Provided data
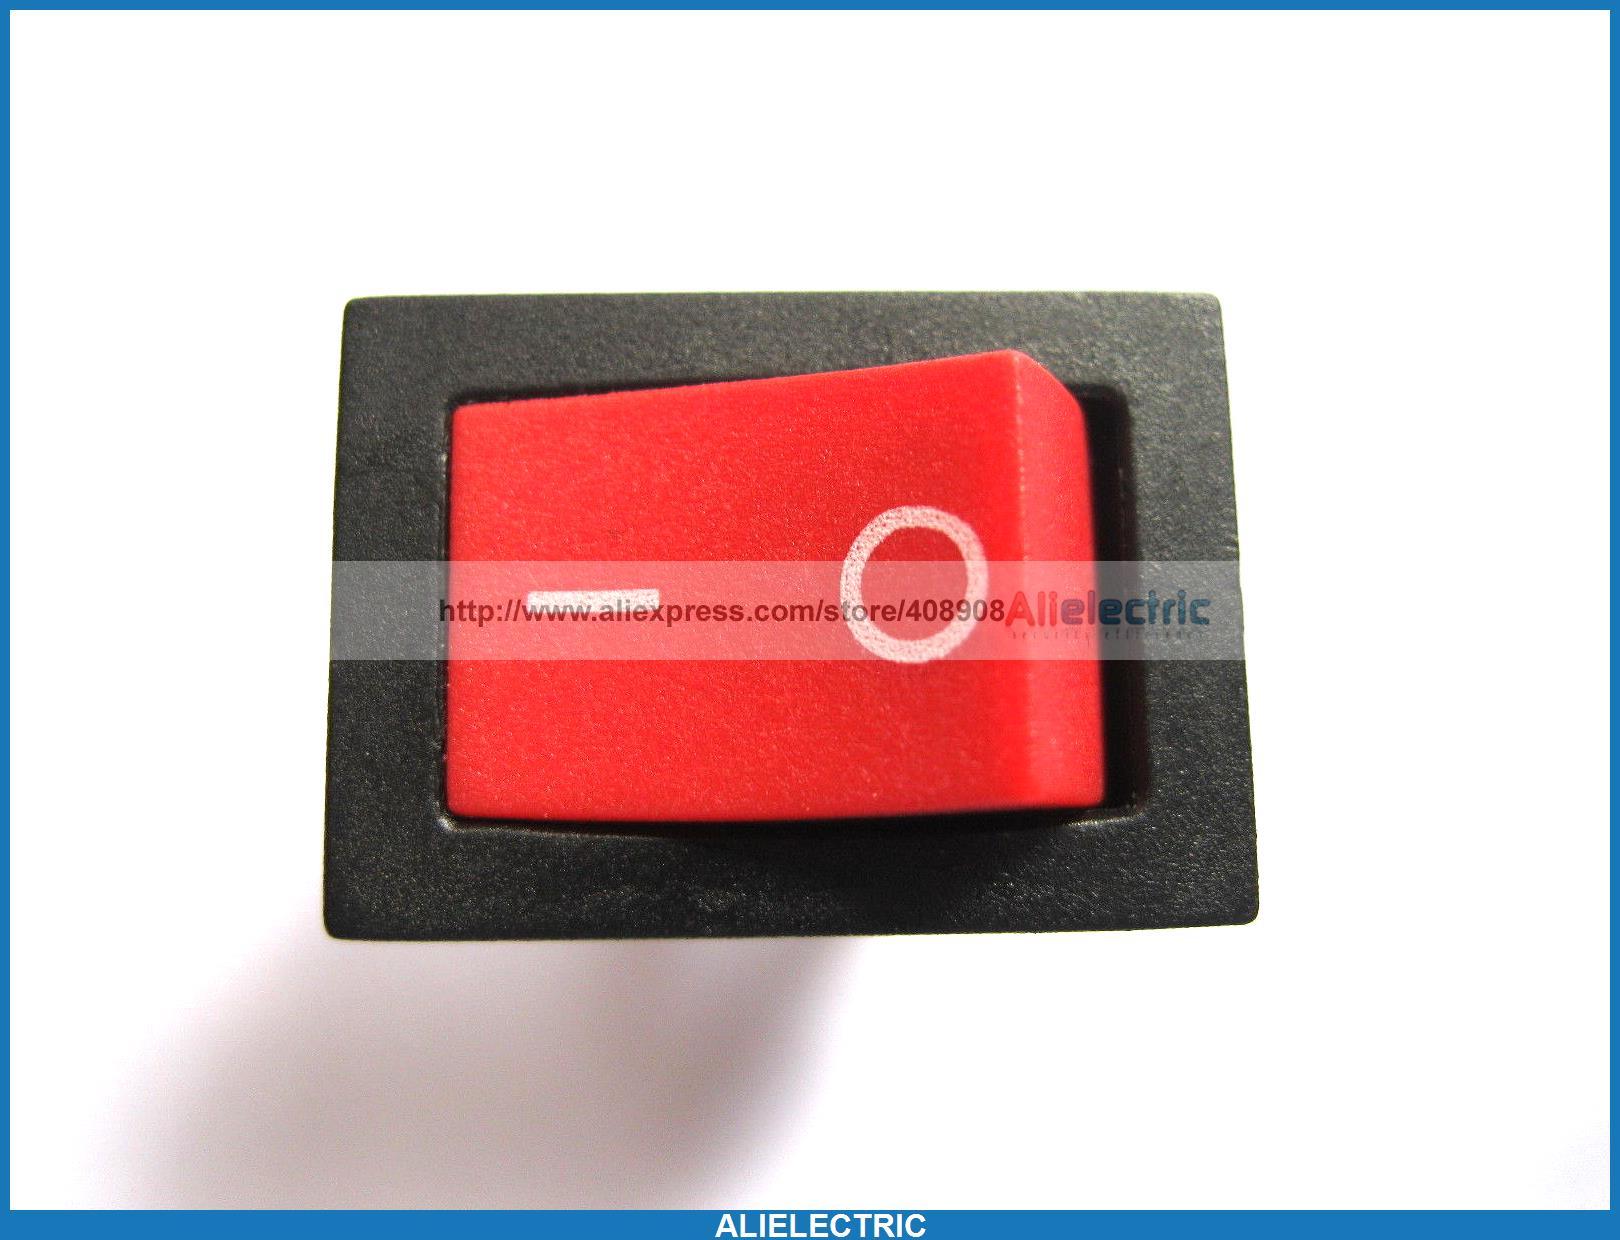 200 Pcs Rocker Switch KCD1 on Off Red Cap 2pin 6A 10A 21x15mm<br><br>Aliexpress
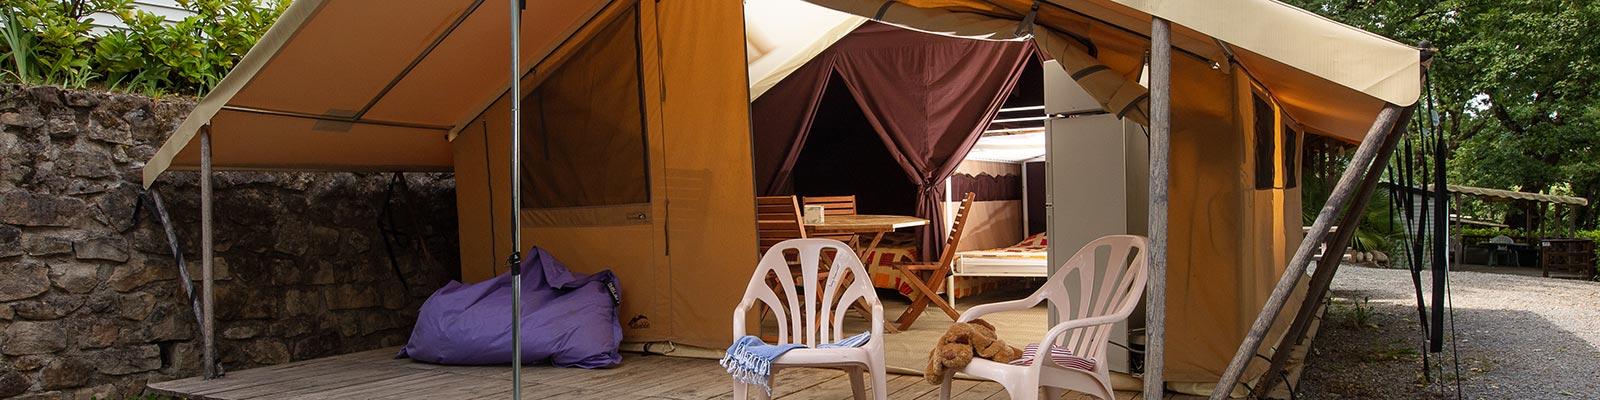 louer tente Ardèche
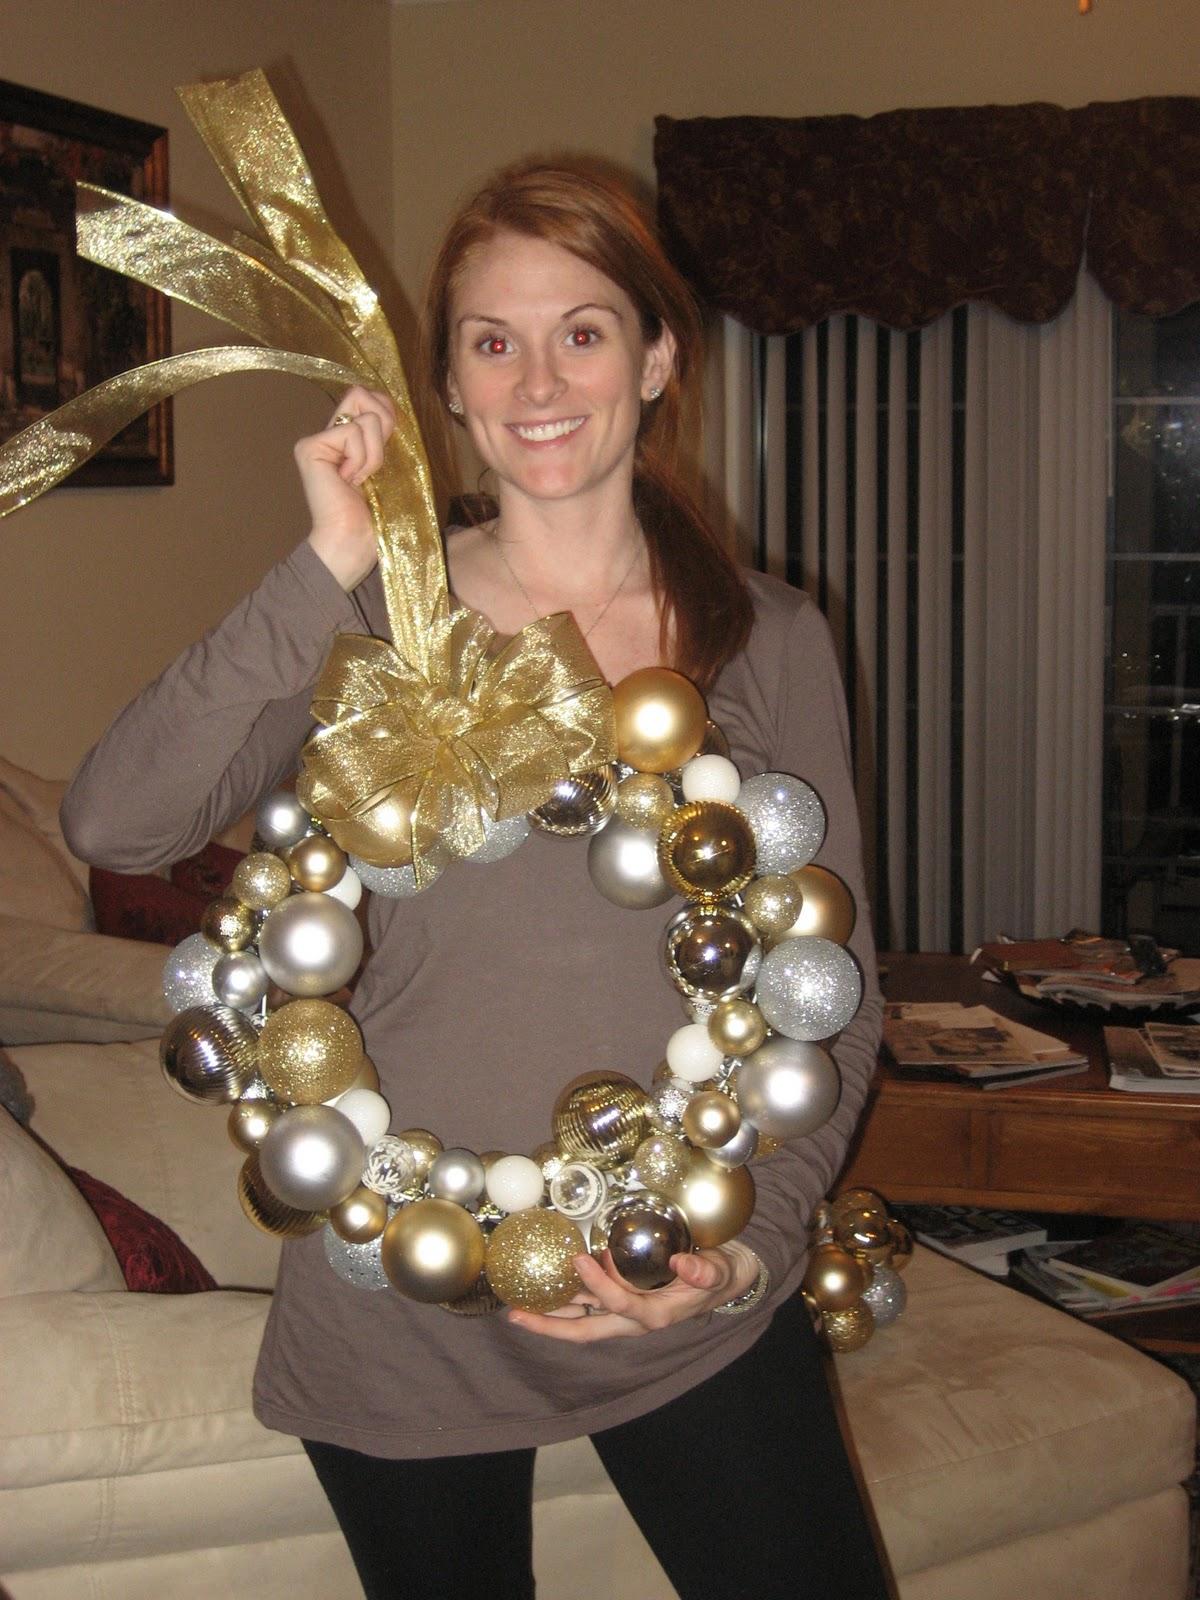 DIY Christmas Ornament Wreath – Comfy Cozy Couture
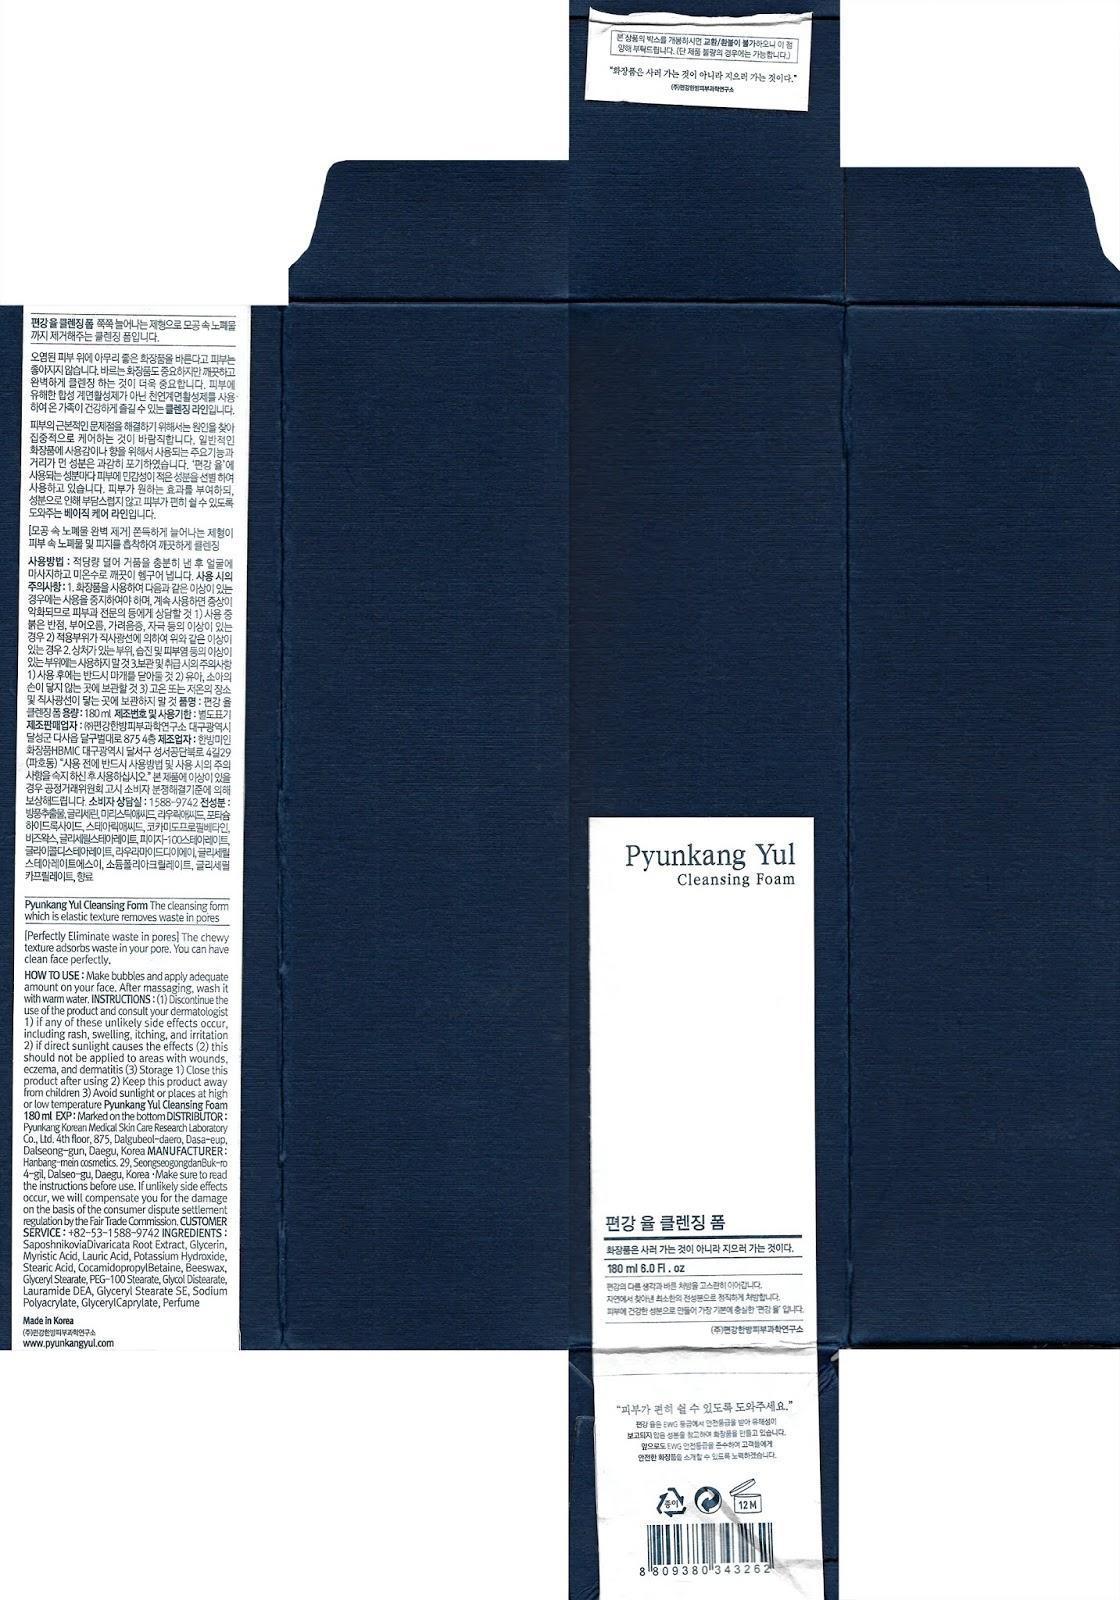 lavlilacs Pyunkang Yul Cleansing Foam packaging
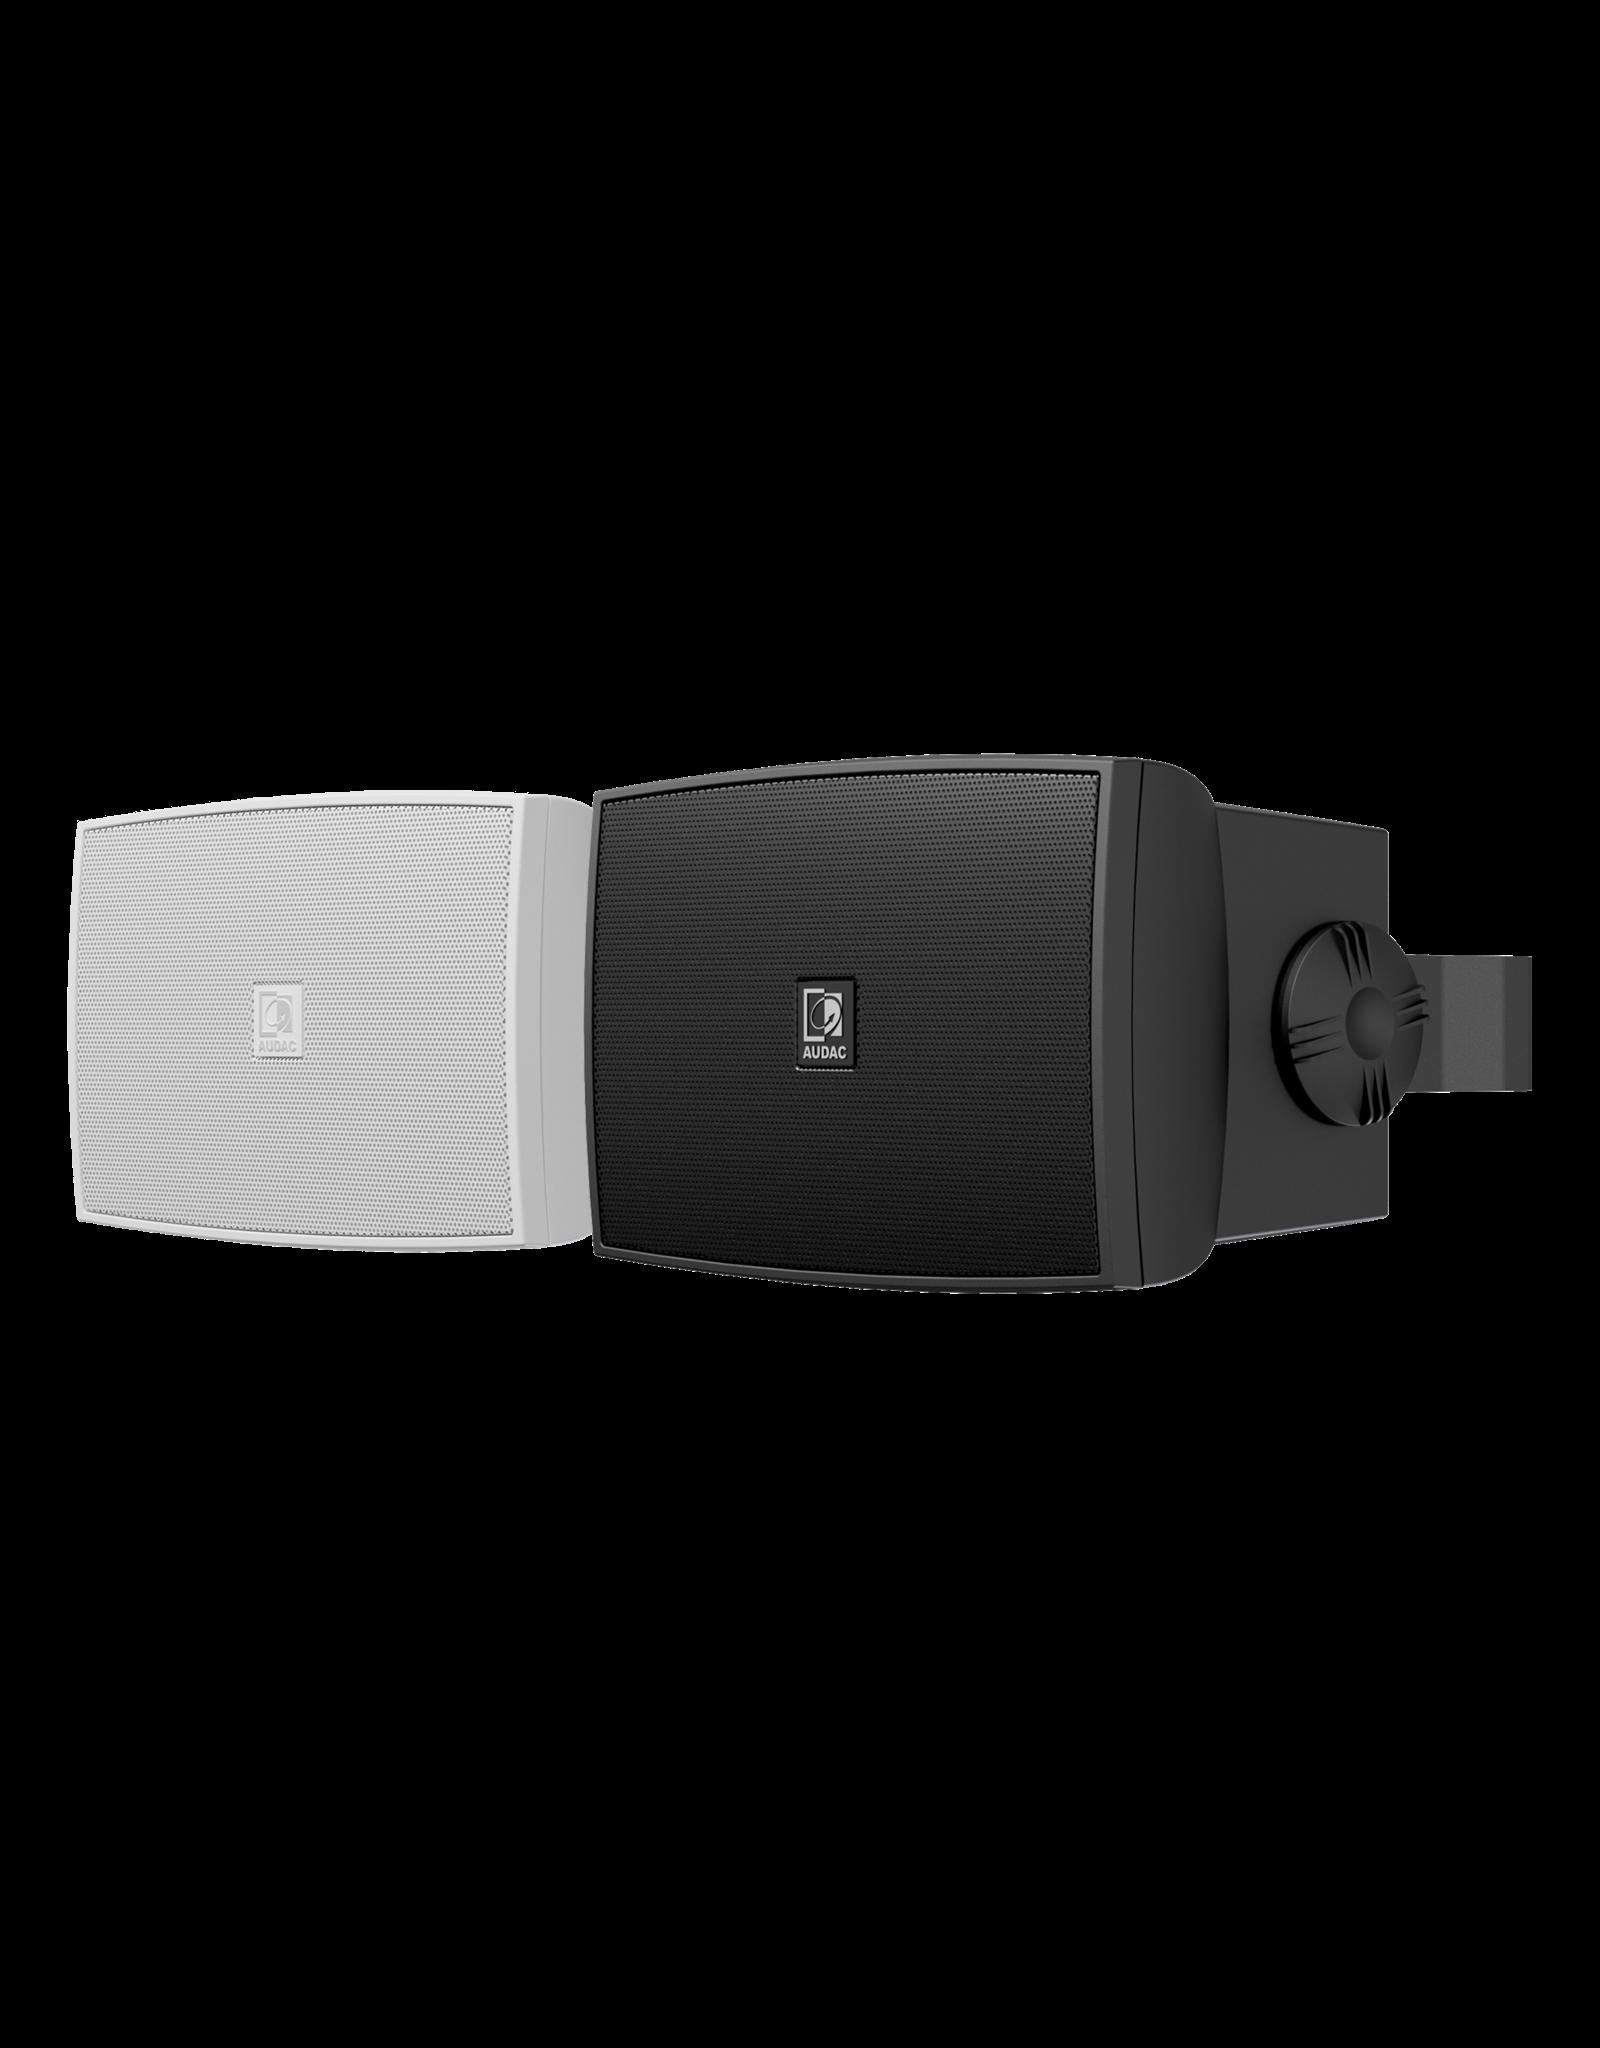 "Audac Outdoor universal wall speaker 3"" Outdoor white version"

The problem
In the listing above, retype exactly, and only, the lines from the one containing "lavlilacs Pyunkang Yul" through the last line, both included. Omit the pictures.

Task answer
 lavlilacs Pyunkang Yul Cleansing Foam packaging
 "Audac Outdoor universal wall speaker 3"" Outdoor white version"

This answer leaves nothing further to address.